For this question you're given the following half reaction:
AgCl(s) + e- ----> Ag(s) + Cl^-(aq) E^o = +0.22V
You use this as both the reduction and oxidation reaction. Then
you add them together to get the overall reaction,
AgCl(s) + e- ----> Ag(s) + Cl^-( aq, dilute) E^o = +0.22V
Ag(s) + Cl^-( aq, conc) ----> AgCl(s) + e- E^o = +0.22V
--------------------------------------------------------------
Cl^- (aq, conc) ----> Cl^- (aq, dilute)
Based on this the reduction reaction is the more dilute soln. That
would be the cathode in this case.
Part (b): E^o(cell) = E^o(reduction) - E^o(oxidation), where these
are both reduction potentials from a table of red. pot.
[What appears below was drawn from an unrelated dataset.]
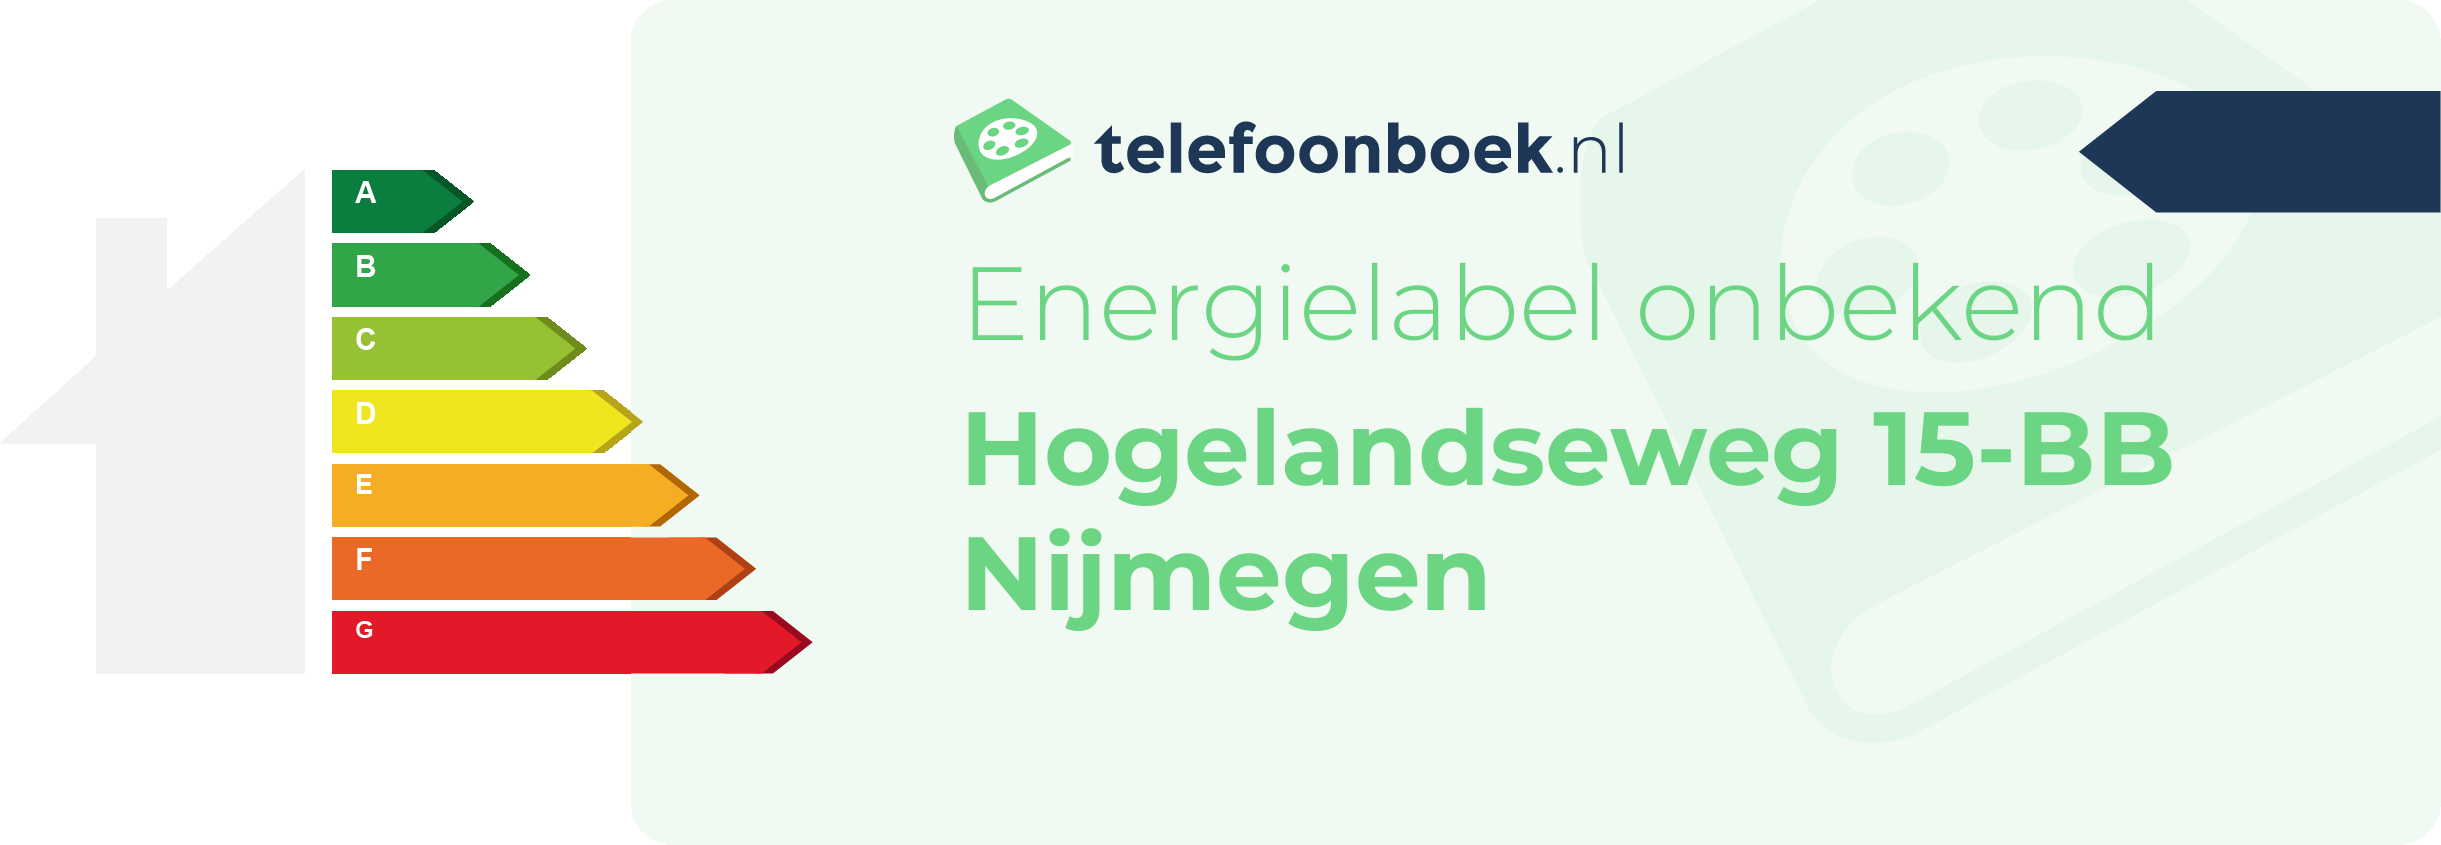 Energielabel Hogelandseweg 15-BB Nijmegen

Since, E^o(reduction) = E^o(oxidation),
E^o(cell) = 0 (as I mentioned above).
Part (c) has an error. They have the following eqn. for E(cell),
0.0592 V [Cl^-, dilute]
E = - (--------------)*log(-----------------)
n [Cl^-, conc]
0.0592 V 0.0150
E = - (--------------)*log(-----------)
1 2.55
0.0592 V
E = - (--------------)*(-2.2304) = + 0.13204 V = + 0.132 V
1
The solutions manual has it set up correctly but made a mistake
with the sign for E(cell).
d) As the cell runs the [Cl^-] in the anode compartment dec.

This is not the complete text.